アンブライドルズソングを聴け!〜『ジャンゴ 繋がれざる者』を観た〜


 ある作品の中に、大量のオマージュやパロディが含まれている。だが、おれはその分野について不案内だ。さあどうする? どうもしない。「そうなのかもしれないなぁ」などと思いつつ、その上で面白いかどうかの話だ。もちろん、そのあとになって、元ネタを辿ることはあるかもしれないが。
 が、クエンティン・タランティーノの新作『ジャンゴ 繋がれざる者』に関しては、偶然にも少しだけ予習をすることになってしまった。偶然にも『映画秘宝』の年間ベスト&ワースト号と、『仁義なき戦い』特集号を続けて買ったからだ。後者など「ジャンゴ大予習大会」である。もちろん、実際に元の映画を観ないで予習もないだろうという話だろうが、まあいくらかは勉強してしまったのである。おれが観たことのあるウエスタン? 西部劇? 『ワイルドバンチ』と……、『スキヤキ・ウエスタン・ジャンゴ』くらい? ウエスタンか?
 まあいい、して、その結果どうだったか。オマージュ、パロディ? そんなの元を知ってようが知ってまいが、関係ねえ、面白けりゃいいや! ってなった。いや、『ジャンゴ』関係なくウエスタン映画好きで知ってたりしたらもっと盛り上がったかもしらんが、逆に知っているから酷評、というケースも考えられるしさ。
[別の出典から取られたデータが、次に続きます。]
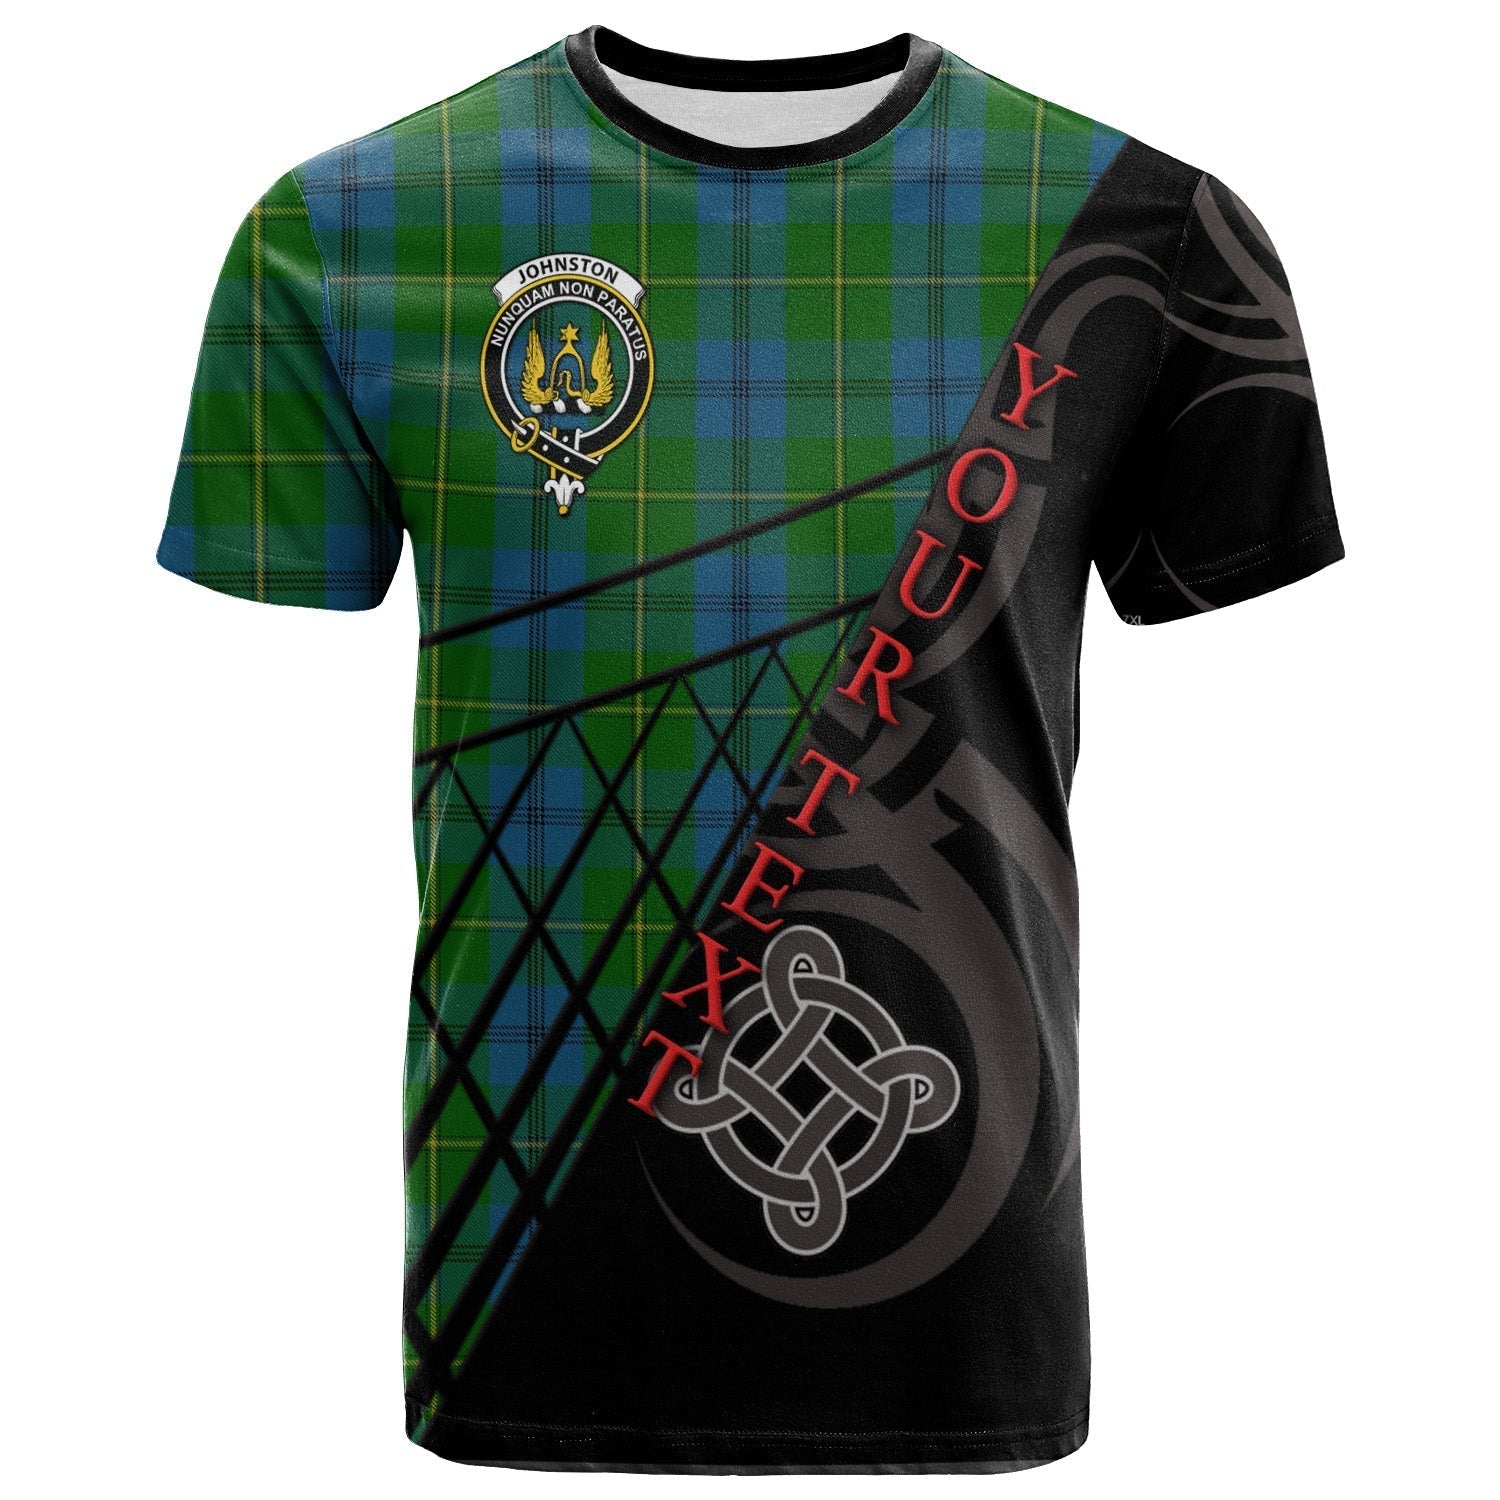 scottish-johnston-johnstone-01-clan-crest-tartan-pattern-celtic-t-shirt

 つーか、おれは『キル・ビル』好きだけれども、それよりも『イングロリアス・バスターズ』で、「それ、ありなのか!」というすげえ驚きにぶっ叩かれた印象が強くて、そっから出た期待があったし、それにこの『ジャンゴ』も応えてくれたな! ってのがあったんだ。
 いや、たとえば水俣病の悲劇……単に悲劇という紋切り表現で言い切れぬようなものを、石牟礼道子が『苦海浄土』で表すような方法(まあ、これも「方法」で片付けられない代物なので、例としては適当ではないかもしれない)もあるだろうし、人類史の愚行、失敗、恥、あるいは悪をどう描くかってのは、なんかまあ常に問われることだろう。タランティーノは、それを描こうとした上で、『イングロリアス・バスターズ』や『ジャンゴ』のようにやった。あんまり畏まってるような感じもない。遊び心あり、映画オタクっぷりあり、軽快さあり、くだらなさあり……。
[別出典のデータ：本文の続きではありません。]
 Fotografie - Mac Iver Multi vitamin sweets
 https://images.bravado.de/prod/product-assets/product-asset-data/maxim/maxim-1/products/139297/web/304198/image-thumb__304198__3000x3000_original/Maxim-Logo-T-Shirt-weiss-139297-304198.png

 なんというか、ドイツ人歯科医で賞金稼ぎのドクター・シュルツの馬車を観ただけで、おれはもう納得してしまうところがあってさ。いや、いいよな、ドクター・シュルツ。そりゃアカデミー助演男優賞獲るわ。『映画秘宝』のインタビューでは、なぜ彼がこうなっているかについて設定はない、ということらしいが、あってもなくてもよろしい。ただ、この映画の中だけで彼がどんなやつで、どんなことをしたかってのが……それだけでいいんだ。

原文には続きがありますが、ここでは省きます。